# Task instructions:
Would you please retype, exactly, the lines of the listing below between the line with "Alfattitude On Instagram" and the line with "MLS# 8182693 - 11", inclusive?

# Data provided:

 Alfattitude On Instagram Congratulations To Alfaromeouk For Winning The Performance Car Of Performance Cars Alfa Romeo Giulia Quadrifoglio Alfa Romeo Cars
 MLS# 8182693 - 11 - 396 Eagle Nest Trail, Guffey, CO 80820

* * *

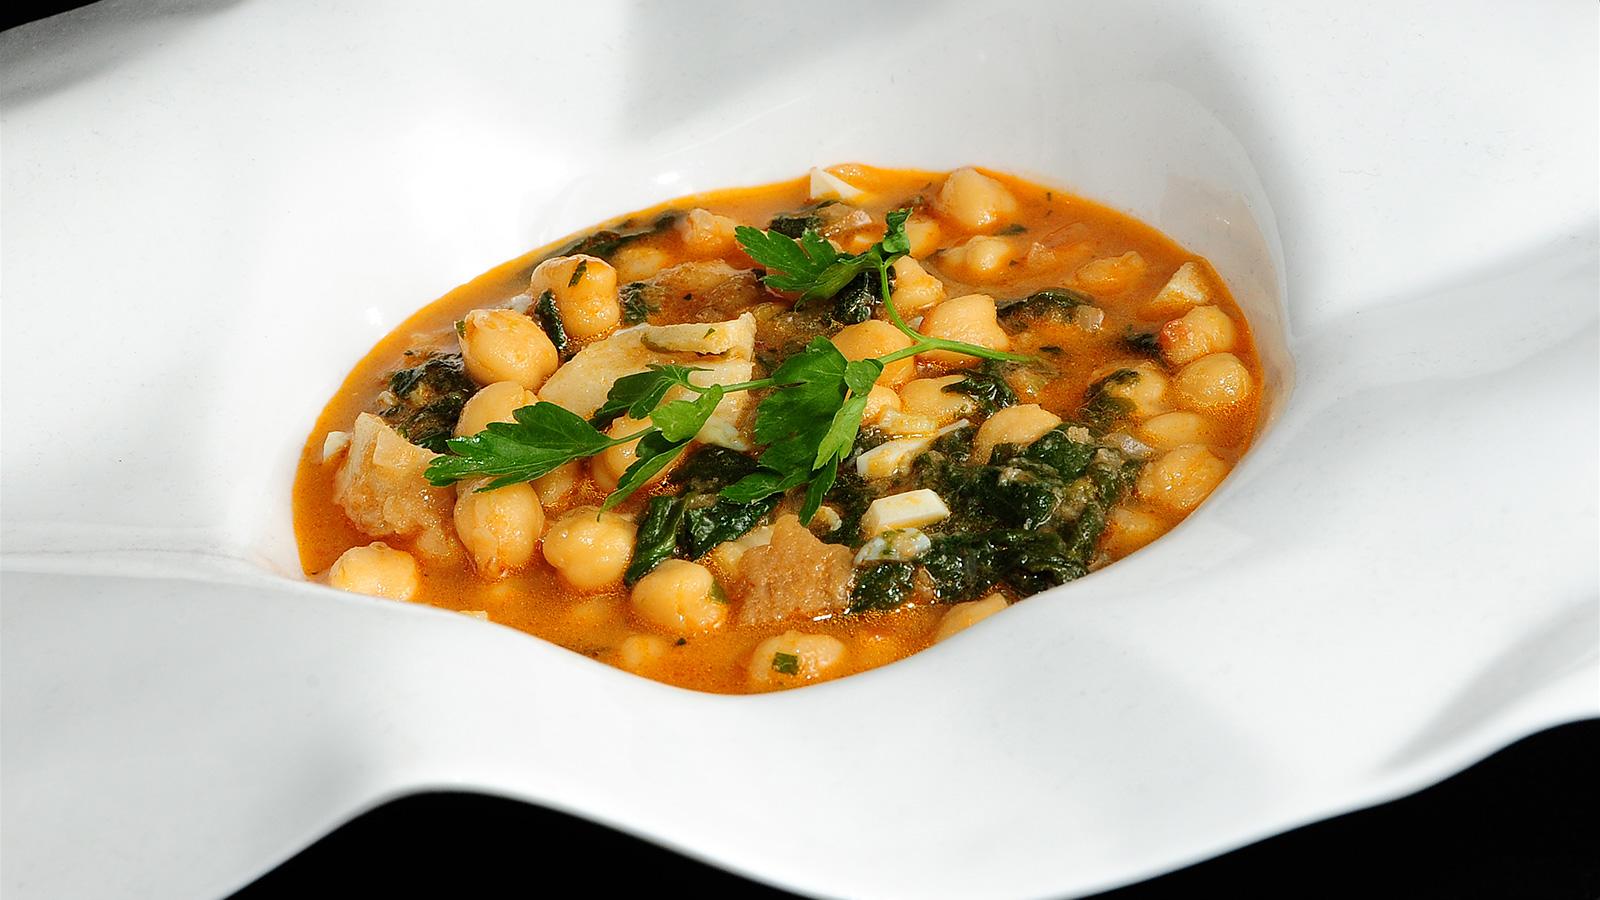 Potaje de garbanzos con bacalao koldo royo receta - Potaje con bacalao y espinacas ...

# Answer section:
 Alfattitude On Instagram Congratulations To Alfaromeouk For Winning The Performance Car Of Performance Cars Alfa Romeo Giulia Quadrifoglio Alfa Romeo Cars
 MLS# 8182693 - 11 - 396 Eagle Nest Trail, Guffey, CO 80820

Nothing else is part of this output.